To: tejek who wrote (56299)3/20/2007 6:29:23 PM
From: Sully-  Respond to of 90947
 
Ah, the old but often used MSM trick of making headline "newz" out of fraudulent polls as part of their zealous attempt to mislead Americans about what's really happening in Iraq.

Then there's reality. You know the one the left wing MSM refuses to report to Americans.

****

Iraqis ask: Civil war, what civil war?

Call it dueling polls.

First, the USA Today/Gallup poll found 76% of Americans believe there is a civil war in Iraq.

Next, an Opinion Research Business poll found that 61% of Iraqis say there is NO CIVIL WAR.

But what do those Iraqis know? They only live there, while Americans watch this stuff on TV.

Well, not actually watch this stuff. Jon Stewart and Jay Leno make jokes about it all the time so it must be true.

Lifting from Marie Colvin’s report in the Sunday Times of London:
    49% of those questioned preferred life under Nouri al-
Maliki, the prime minister, to living under Saddam. Only
26% said things had been better in Saddam’s era
, while 16%
said the two leaders were as bad as each other and the
rest did not know or refused to answer.
Well, so much for Saddam's popularity. Didn’t he get 100% of the vote in 2002?

But this was the big news:
    Another surprise was that only 27% believed they were
caught up in a civil war. Again, that number divided along
religious lines, with 41% of Sunnis believing Iraq was in
a civil war, compared with only 15% of Shi’ites.
Not even a majority of the Sunnis say it is a civil war.
I guess the American leftist media forgot to tell the Iraqis that Iraq is having a civil war.

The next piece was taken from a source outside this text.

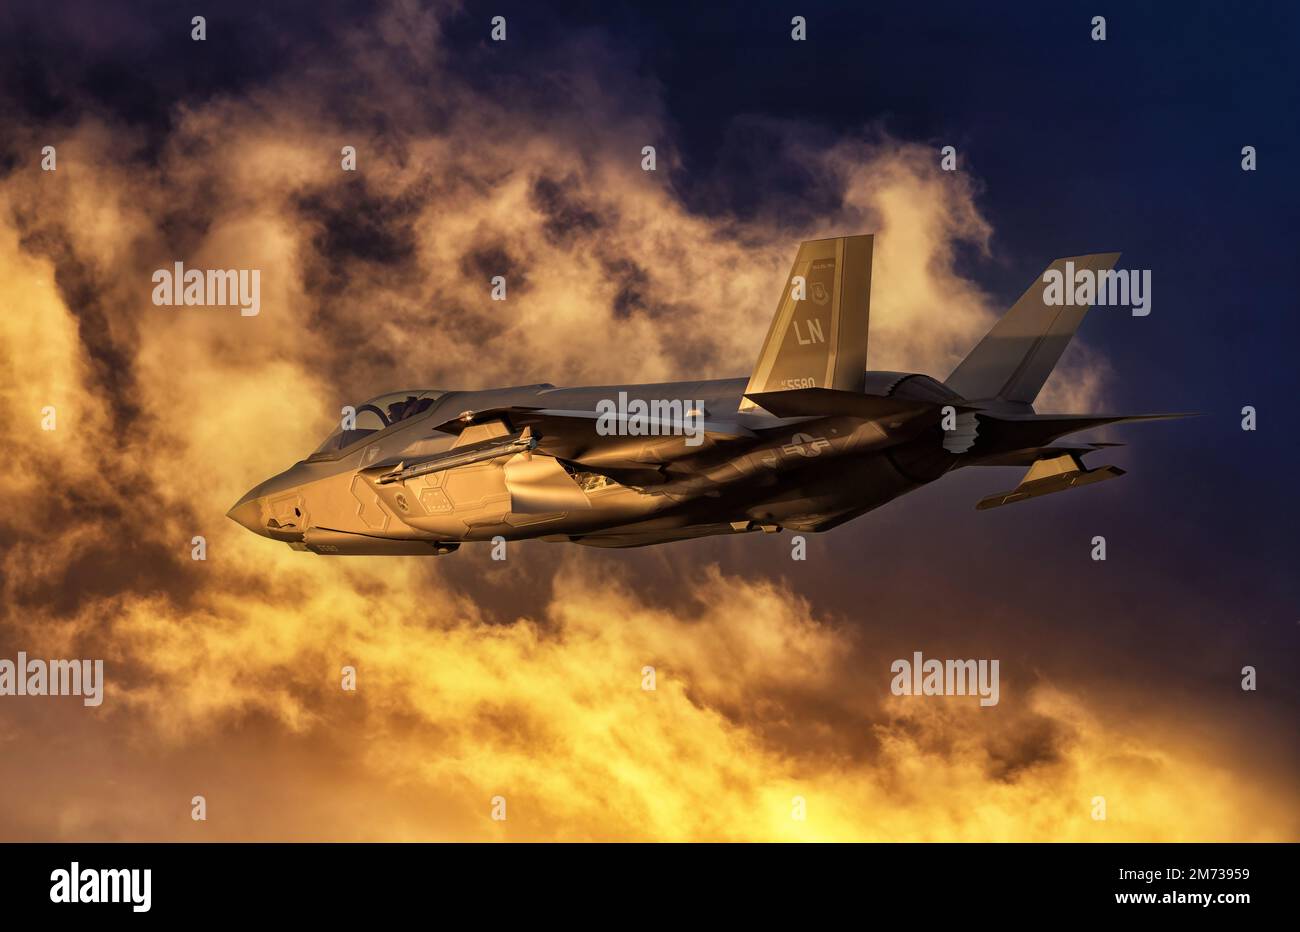 F-35 avion Fighter au coucher du soleil. Avion de chasse militaire moderne de cinquième génération revenant d'une mission de combat. Avion de chasse au ciel orange Banque D'Images

Either that or Iraqis are all watching Fox.

blogs.dailymail.com



To: tejek who wrote (56299)3/21/2007 1:23:30 AM
From: Sully-  Read Replies (1) | Respond to of 90947
 
THE IRAQ SURGE: WHY IT'S WORKING ...

By GORDON CUCULLU
NEW YORK POST
Opinion
March 20, 2007

"I WALKED down the streets of Ramadi a few days ago, in a soft cap eating an ice cream with the mayor on one side of me and the police chief on the other, having a conversation." This simple act, Gen. David Petraeus told me, would have been "unthinkable" just a few months ago. "And nobody shot at us," he added.

Petraeus, the new commander managing the "surge" of troops in Iraq, will be the first to caution realism. "Sure we see improvements - major improvements," he said in our interview, "but we still have a long way to go."

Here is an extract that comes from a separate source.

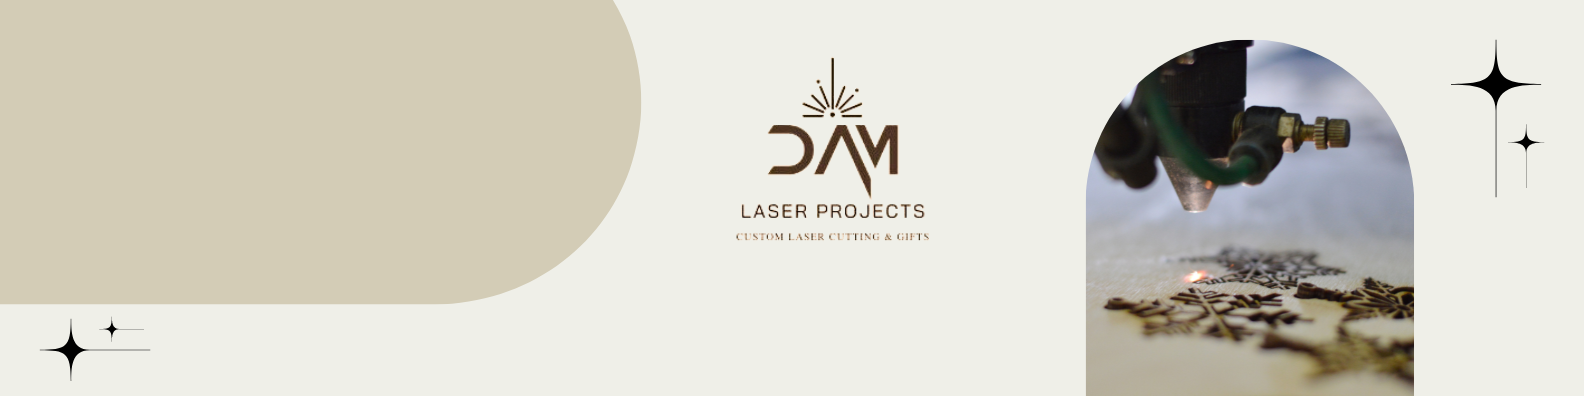 Laser by DAM

What tactics are working? "We got down at the people level and are staying," he said flatly. "Once the people know we are going to be around, then all kinds of things start to happen."

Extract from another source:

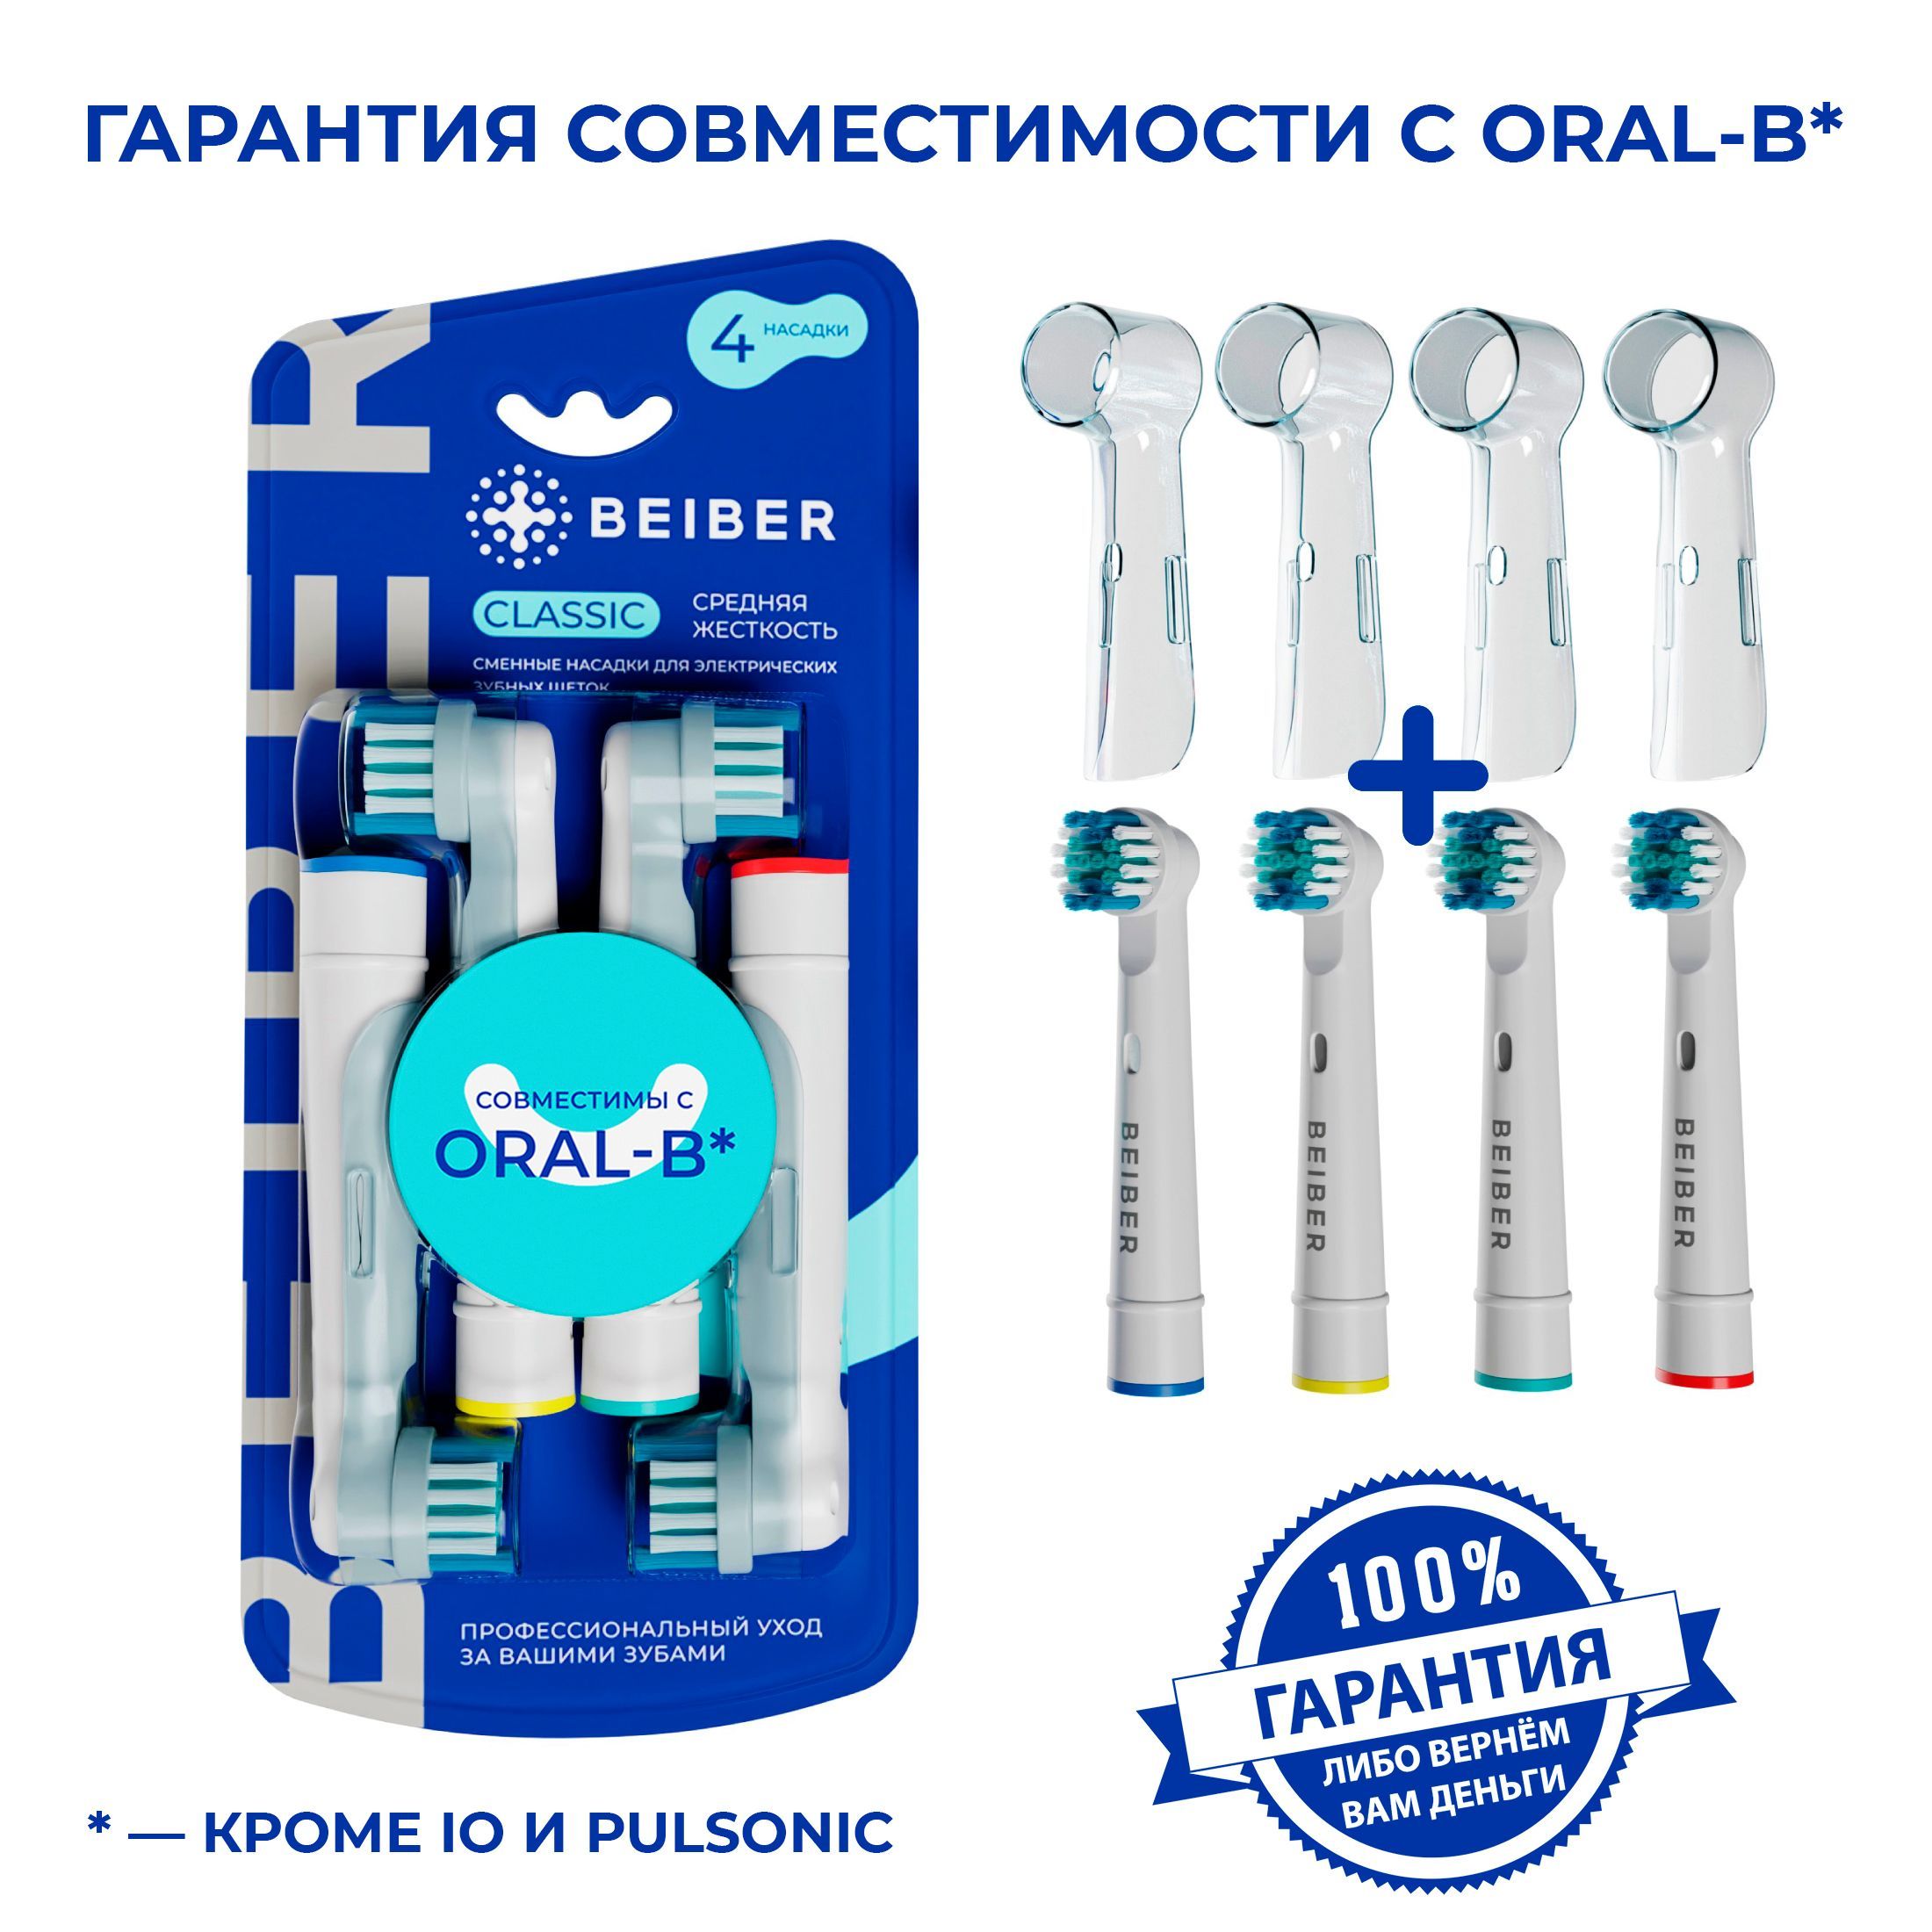 Совместимые с Oral-B насадки CLASSIC с КОЛПАЧКОМ для электрических зубных щеток Braun 4 шт.

More intelligence, for example. Where once tactical units were "scraping" for intelligence information, they now have "information overload," the general said. "After our guys are in the neighborhood for four or five days, the people realize they're not going to just leave them like we did in the past. Then they begin to come in with so much information on the enemy that we can't process it fast enough."

In intelligence work - the key to fighting irregular wars - commanders love excess.

And the tribal leaders in Sunni al Anbar Province, the general reports, "have had enough." Not only are the al Qaeda fighters causing civil disruption by fomenting sectarian violence and killing civilians, but on a more prosaic but practical side, al Qaeda is bad for business. "All of the sheiks up there are businessmen," Petraeus said. "They are entrepreneurial and involved in scores of different businesses. The presence of the foreign fighters is hitting them hard in the pocketbook and they are tired of it."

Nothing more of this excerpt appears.